SpeedSeq
Current version: 0.0.2
Chiang, C, R M Layer, G G Faust, M R Lindberg, D B Rose, E P Garrison, G T Marth, A R Quinlan, and I M Hall. 2014. SpeedSeq: Ultra-Fast Personal Genome Analysis and Interpretation. bioRxiv. doi:10.1101/012179.
Current support for Linux only
Table of Contents
- Summary
- Constitutive Pipeline Tools
- Installation
- Automatic Installation
- Manual Installation
- Usage
- Annotations
- Example Workflows
Summary
The SpeedSeq suite is a lightweight, flexible, and open source pipeline that identifies genomic variation (single nucleotide variants (SNVs), indels, and structural variants (SVs)).
Constitutive Pipeline Tools
Installation
There is an automatic and manual installation process for SpeedSeq.

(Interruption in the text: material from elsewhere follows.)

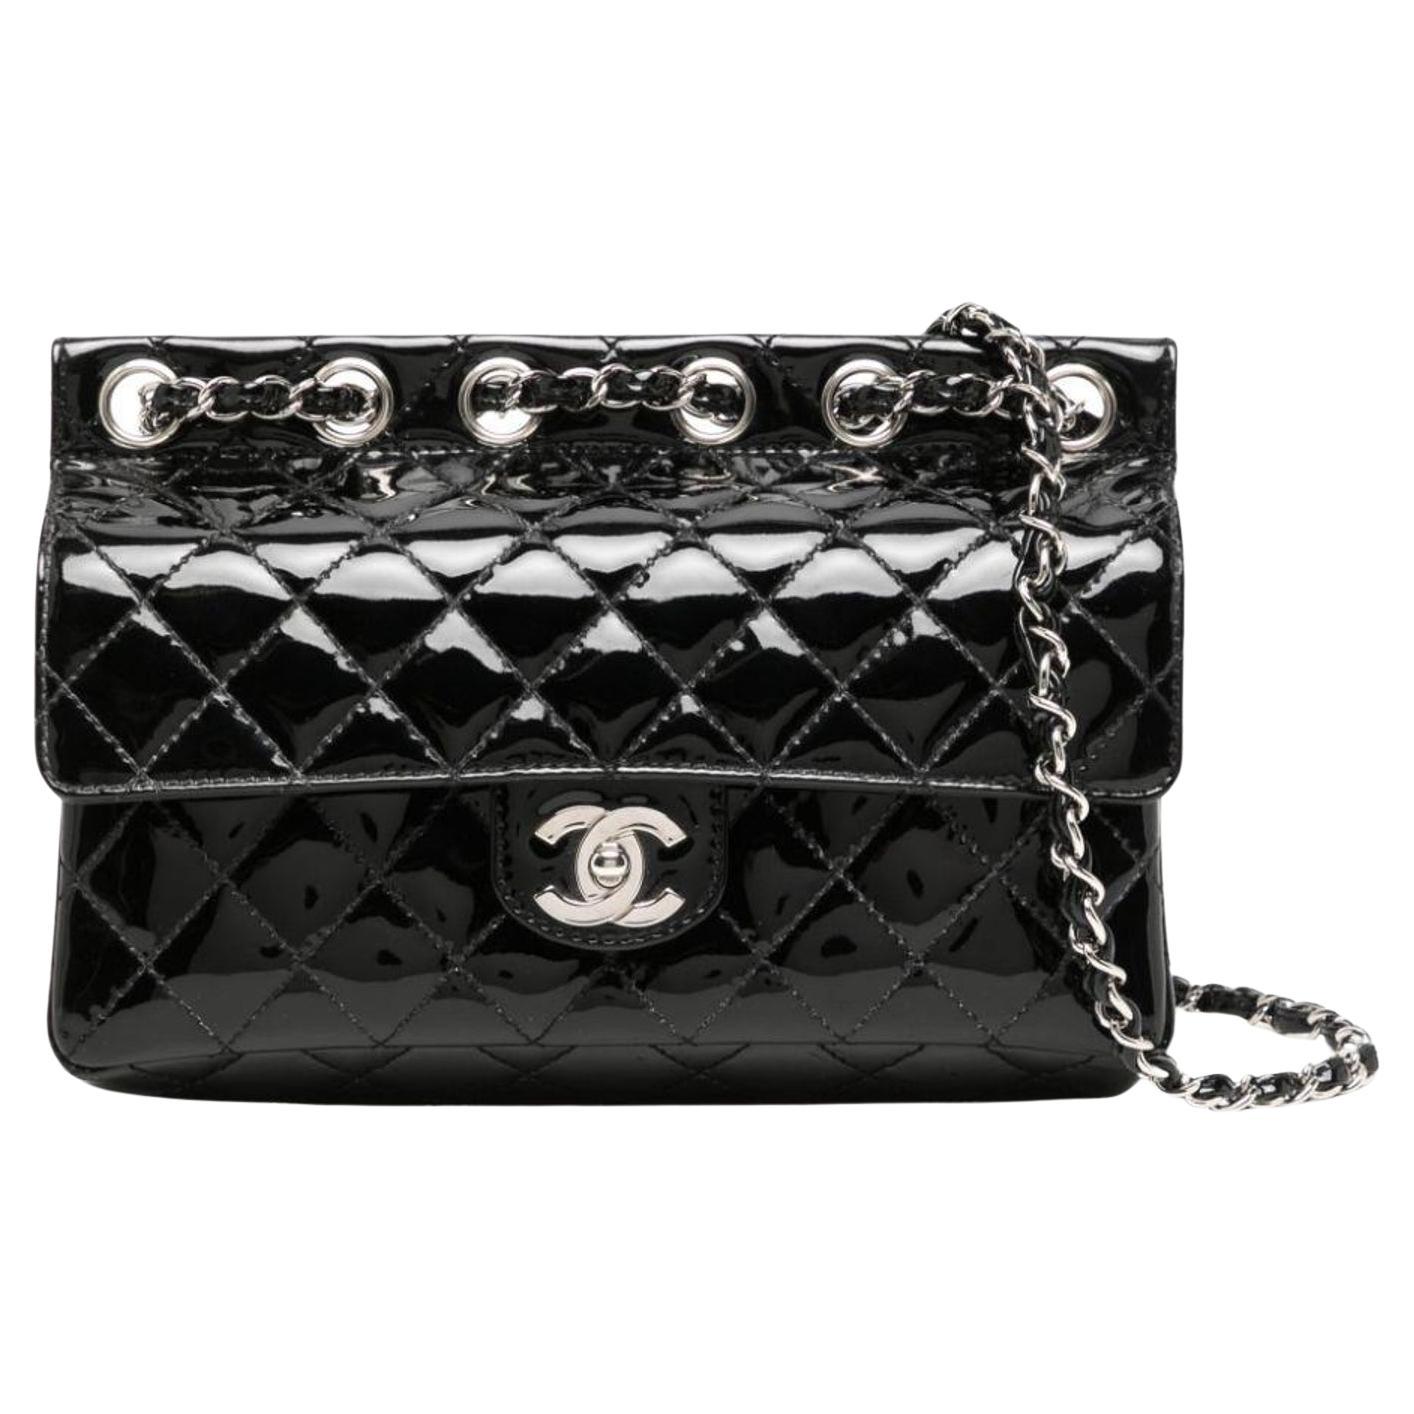 Chanel Classic Flap Supermodel Super Rare Quilted Black Patent Leather Bag For Sale

The following are required for both installations:
- cmake
- g++ 4.3 or later
- gcc
- git
- make
- python2.7
- python-devel
- python-yaml
- ncurses-devel
- zlib-devel
- numpy
- pip
A Linux package manager can be used to obtain these by with the command:
# general purpose tools
sudo yum update
sudo yum -y install cmake gcc-c++ gcc git make python27 python-devel python-yaml ncurses-devel zlib-devel numpy python-pip
# PERL modules for VEP
sudo yum -y install "perl(Archive::Extract)" "perl(CGI)" "perl(DBI)" "perl(Time::HiRes)" "perl(Archive::Tar)" "perl(Archive::Zip)"
or
sudo apt-get update
sudo apt-get -y install build-essential cmake gpp gcc git make python2.7 python-dev python-yaml ncurses-dev zlib1g-dev python-numpy python-pip
Automatic installation
SpeedSeq can be installed with the following commands:
git clone --recursive https://github.com/cc2qe/speedseq
cd speedseq
python speedseq_setup.py
sudo cp -r bin/* /usr/local/bin/
Configure the paths to the SpeedSeq dependencies by modifying the speedseq.config file. The speedseq.config file should reside in the same directory as the SpeedSeq executable. By default, SpeedSeq attempts to source the dependencies from the $PATH.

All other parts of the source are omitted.